If you are in a hurry to get started, see the Python Quickstart or the C++ Quickstart depending on your language of choice.
An Aggregate B-tree is an extension of the B+ Tree. The B+ Tree itself is powerful data structure that allows fast storage and lookup of key-value pairs, walking keys in order, or finding the nearest key, and forms the basis of most database indexes. Unlike many B-tree implementions, this implementaion supports an idea called 'shadowing', which means that it's a trival operation to 'clone' the tree. This allows one thread to modify a tree while another continues to see a stable version, or to keep many old versions with little overhead. The code in this libary is thread safe, and crash safe. Even if a process crashes in the middle of an operation, after it restarts, the tree will be in a stable state. In addition, the abtree libaray allows multiple trees to be used in a transactional way, providing ACID guarantees (see section on transactions)
Aggregation adds another level of features. Specifically, it's also possible to quickly compute 'aggregates', such as totals, maximums, minimums and averages over any range of keys. It's also possible quickly move through the tree based on these aggregations. Aggregations also allow more non-obvious abilities, such as putting ranges into a tree, and quickly finding all the overlapping ranges, quickly jumping of a specific number of records, seeing only 'high-priority' records, or even storing 3 dimensional points and quickly finding all of the points within an arbitrary box! The feature of aggregation can also be used to implement map-reduce like functionality, and in fact, an aggregate b-tree is the basis of some of the features of couchdb. While the current version of the library provides the direct raw interface needed to implement many of these specialized indexes, futures versions will attempt to provide wrappers to simplify common cases (such as spatial indexes).

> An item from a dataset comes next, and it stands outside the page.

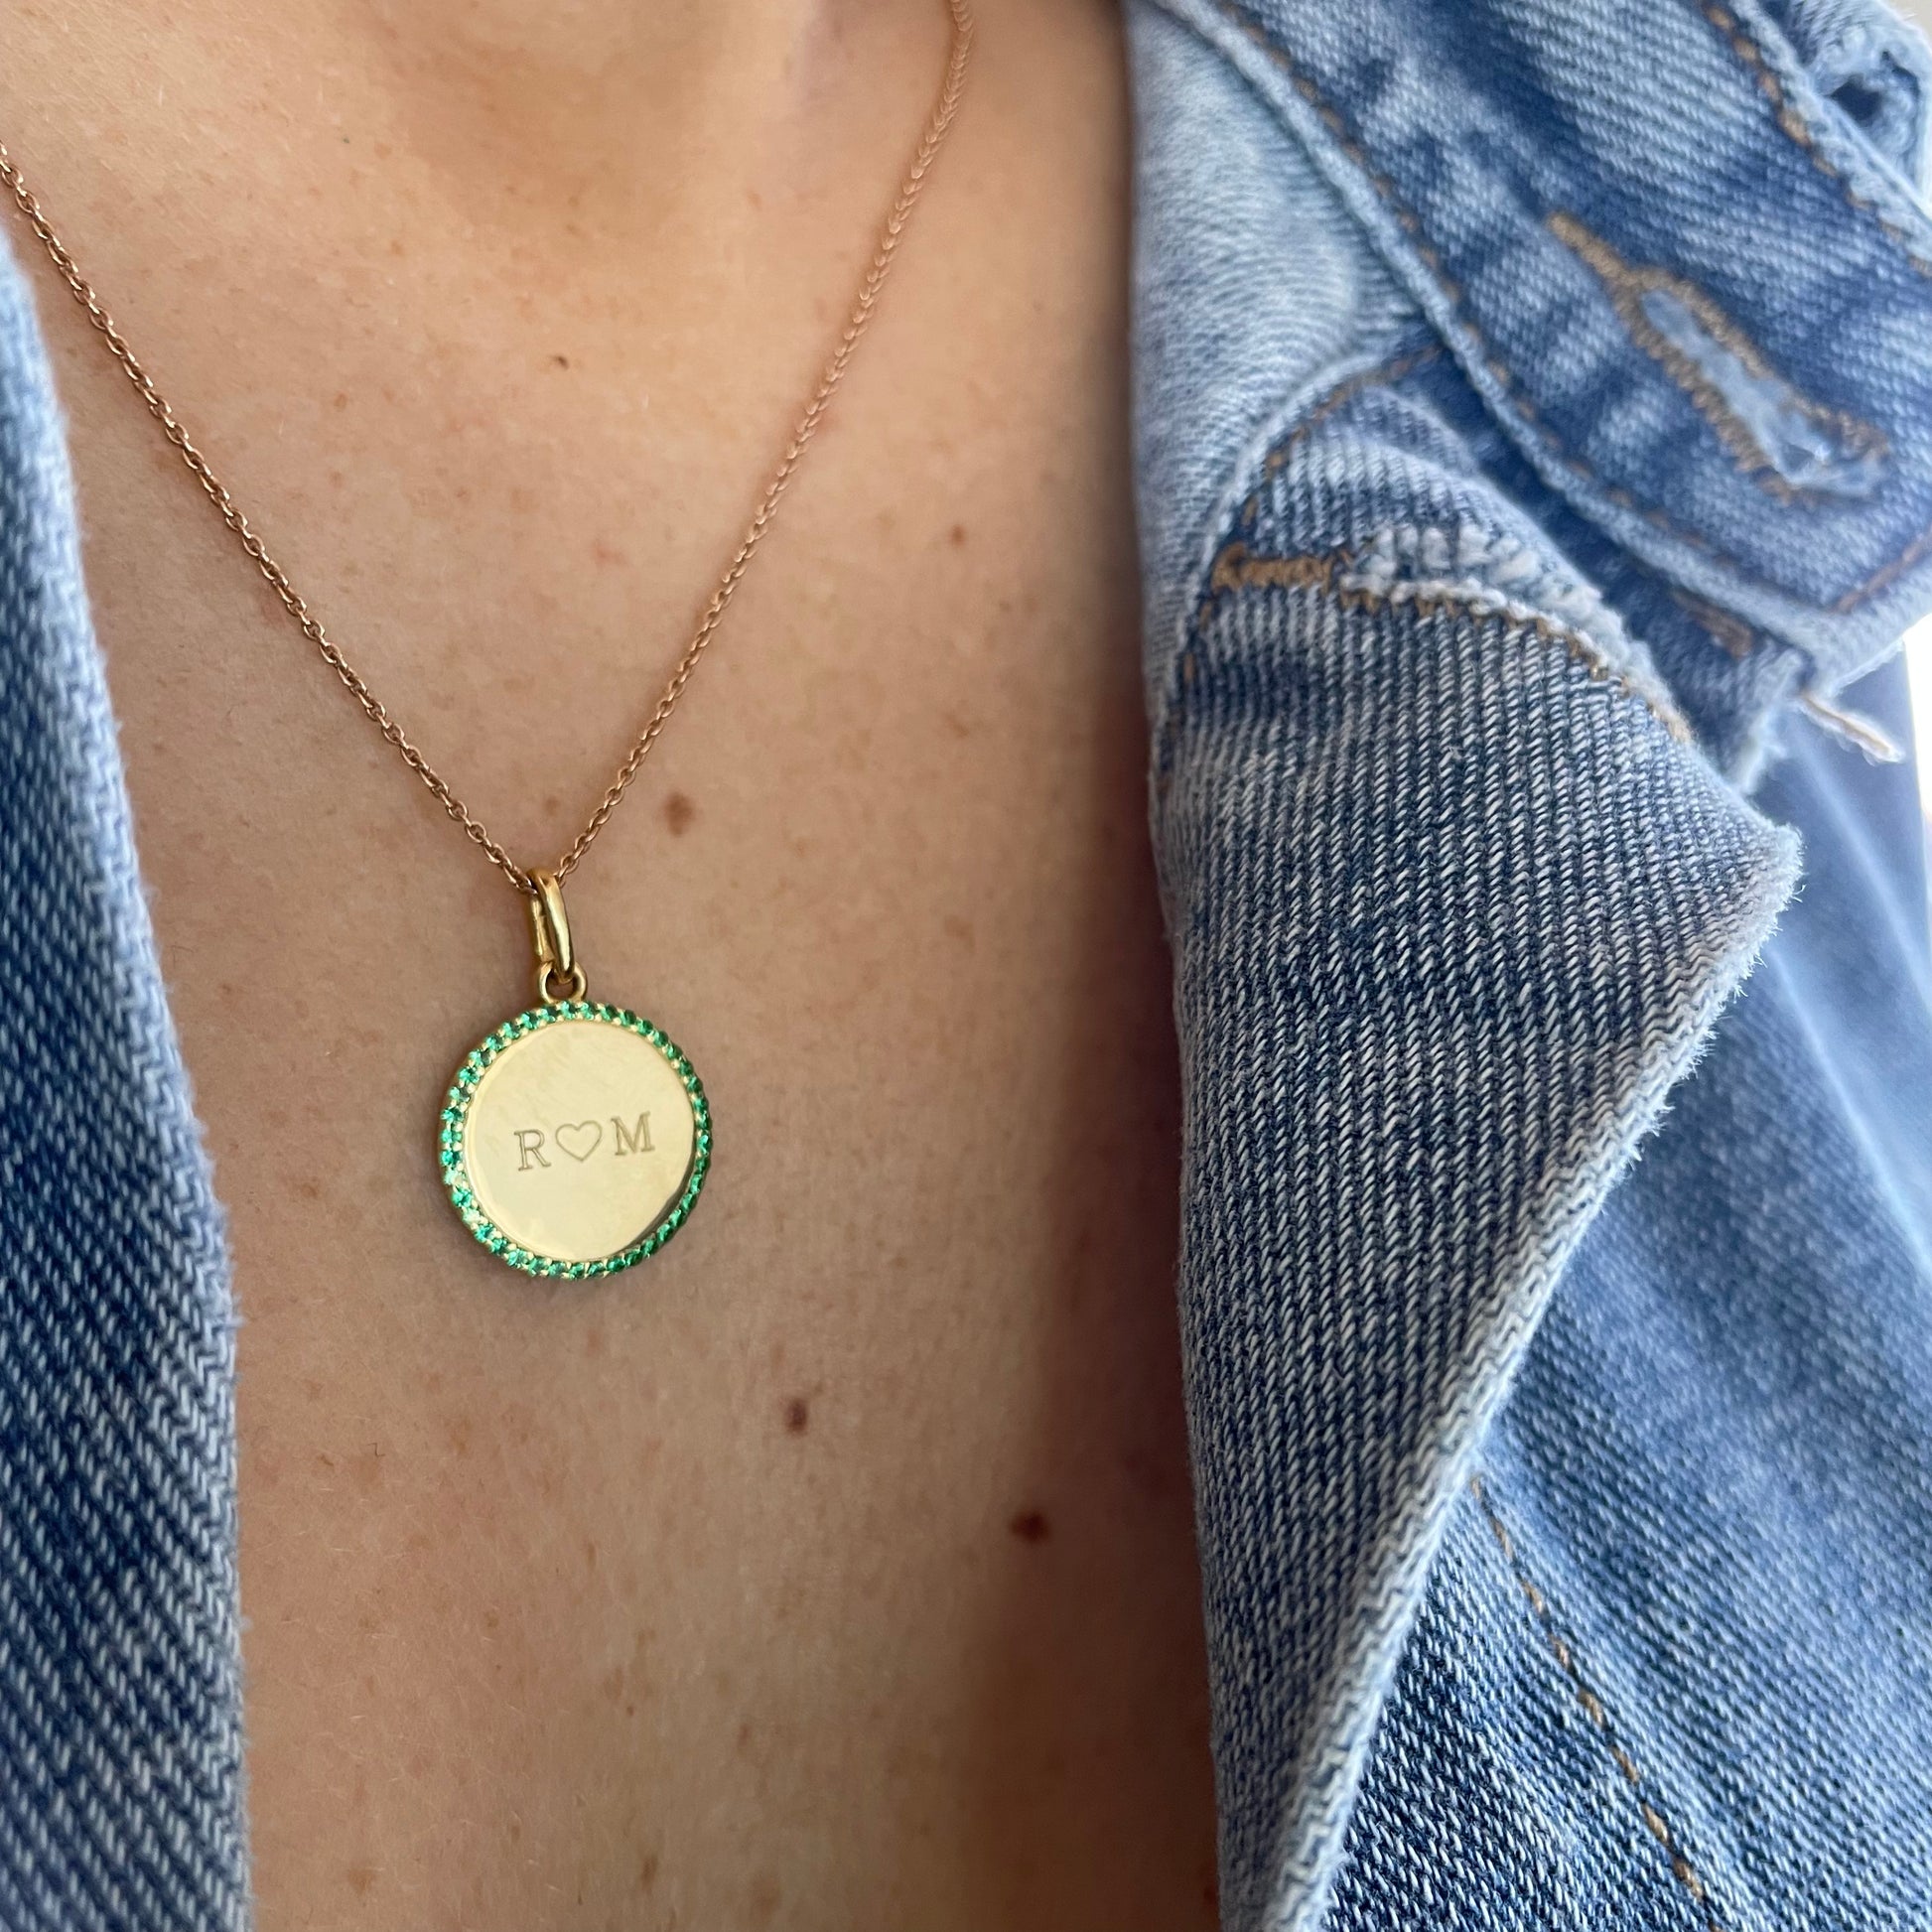 Personalised Diamond Medallion Pendant - Green Emeralds - - Jewelry - Goldie Paris Jewelry - Moms Pavé Pendant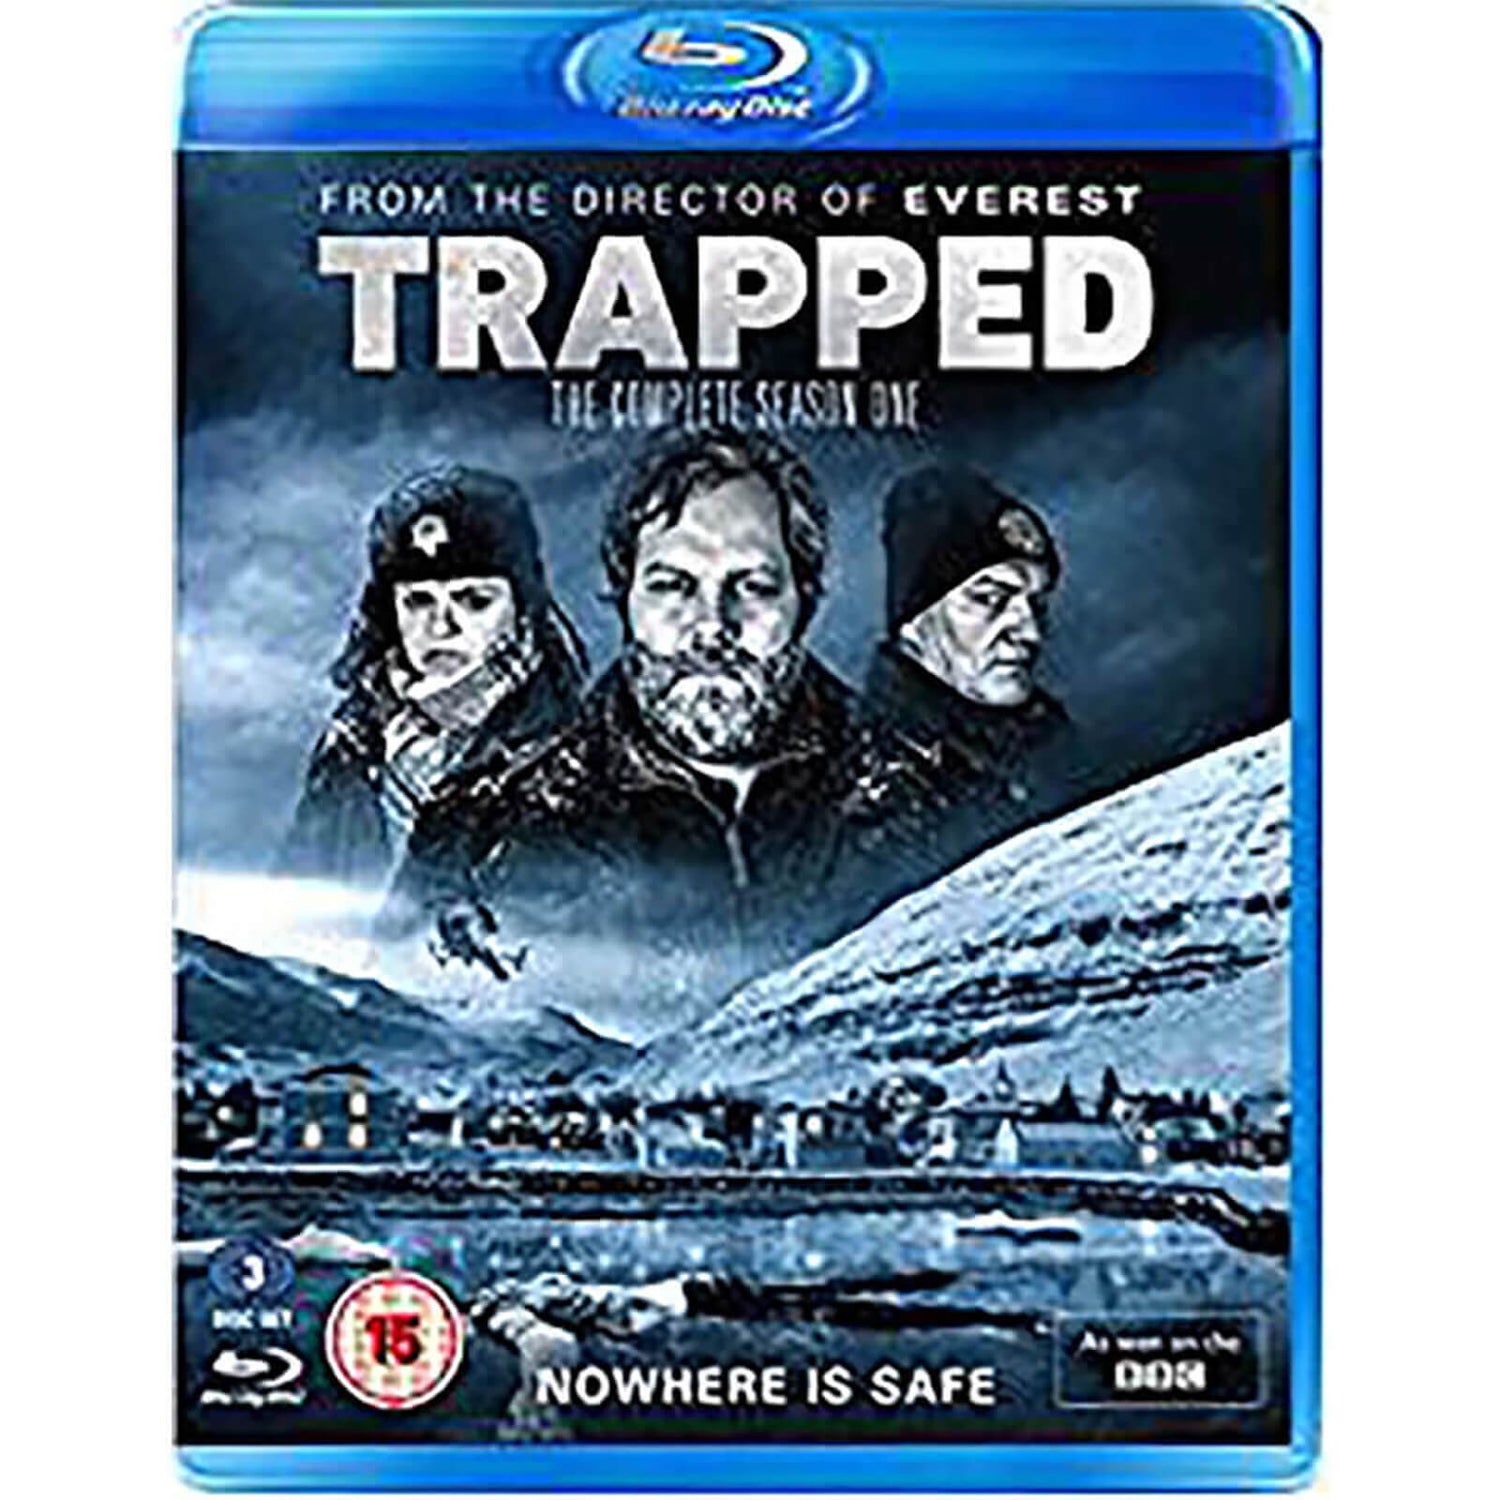 Trapped - Saison 1

Currently there are two independent API's to the libaray, a C++ API, and a python API. Both are meant to be run from a single process (although multiple threads are supported), and both are allow for either disk based storages, or in memory storage. Future versions supporting a distributed, fault tolerant version are in the works, but too early to meaningfully release. When using disk based storage, the libary writes to a 'store', which is a set of files in any directory chosen by the user. Multiple tree which are part of a transaction must be in the same store (see transactions and storage for details).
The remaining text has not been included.